What you will do — An exact, complete printout of the listing is wanted, minus its images.

Data extract —
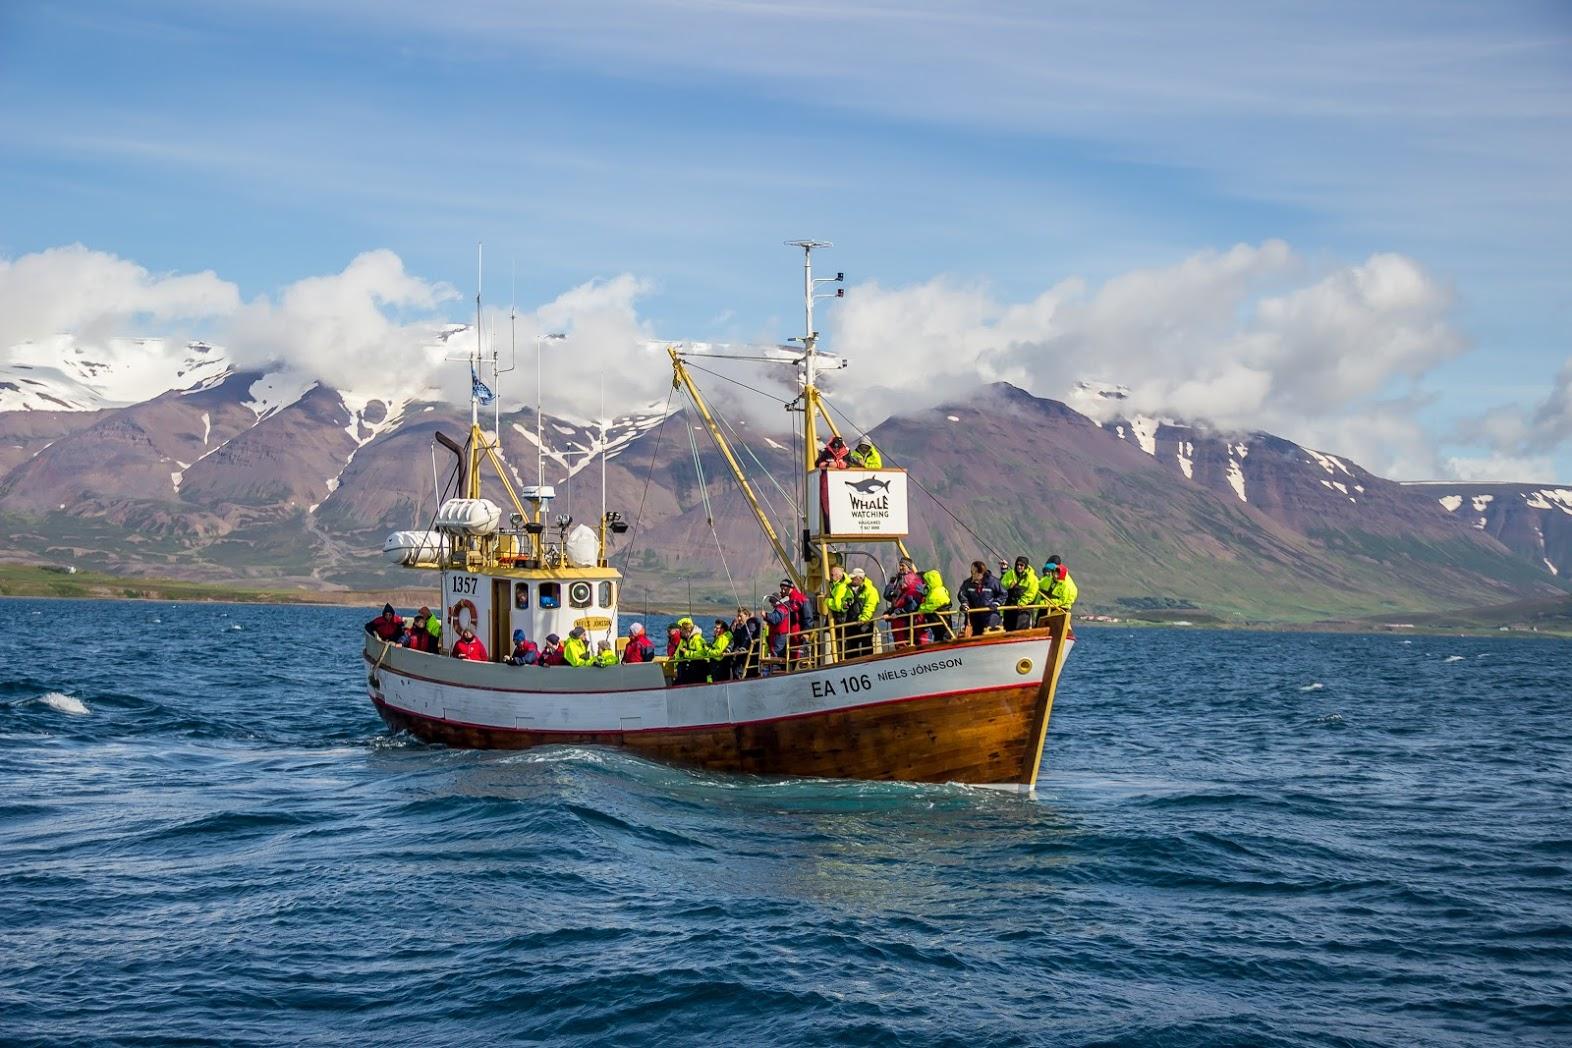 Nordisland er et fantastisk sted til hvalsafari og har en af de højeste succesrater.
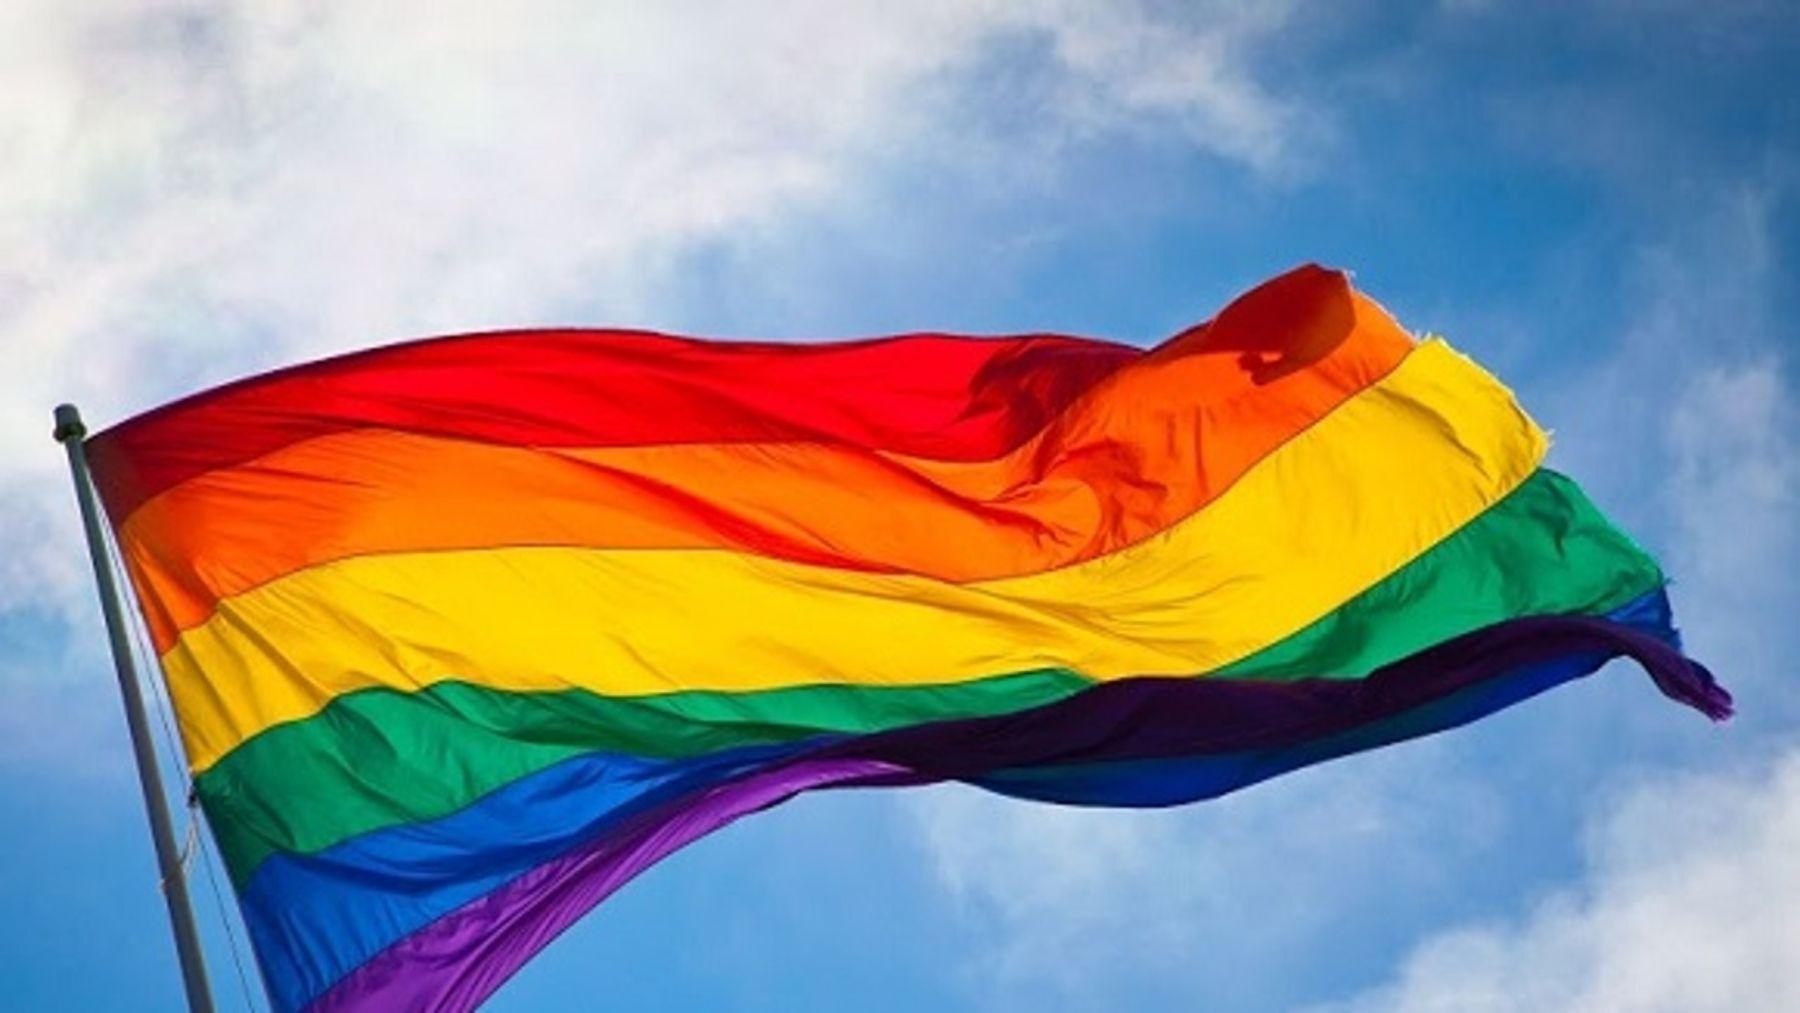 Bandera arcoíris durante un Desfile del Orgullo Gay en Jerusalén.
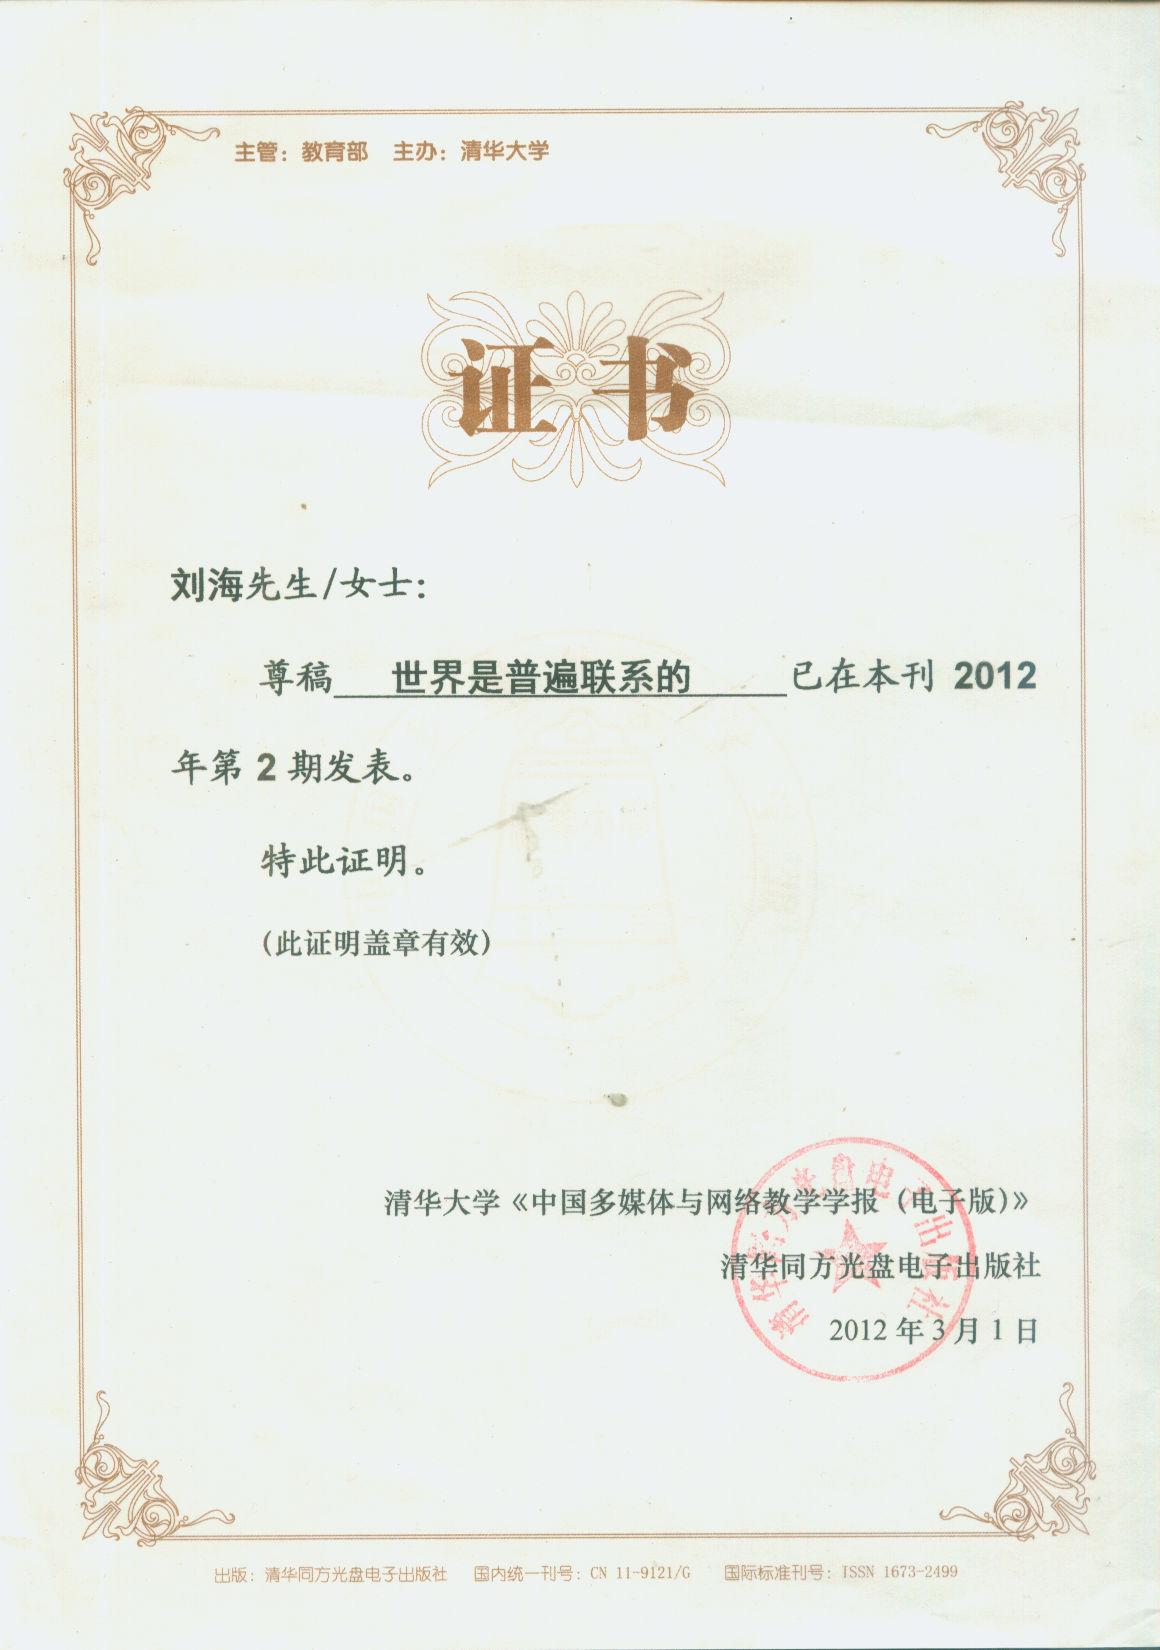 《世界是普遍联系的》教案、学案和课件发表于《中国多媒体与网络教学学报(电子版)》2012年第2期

Reply —
 Nordisland er et fantastisk sted til hvalsafari og har en af de højeste succesrater.
 Bandera arcoíris durante un Desfile del Orgullo Gay en Jerusalén.
 《世界是普遍联系的》教案、学案和课件发表于《中国多媒体与网络教学学报(电子版)》2012年第2期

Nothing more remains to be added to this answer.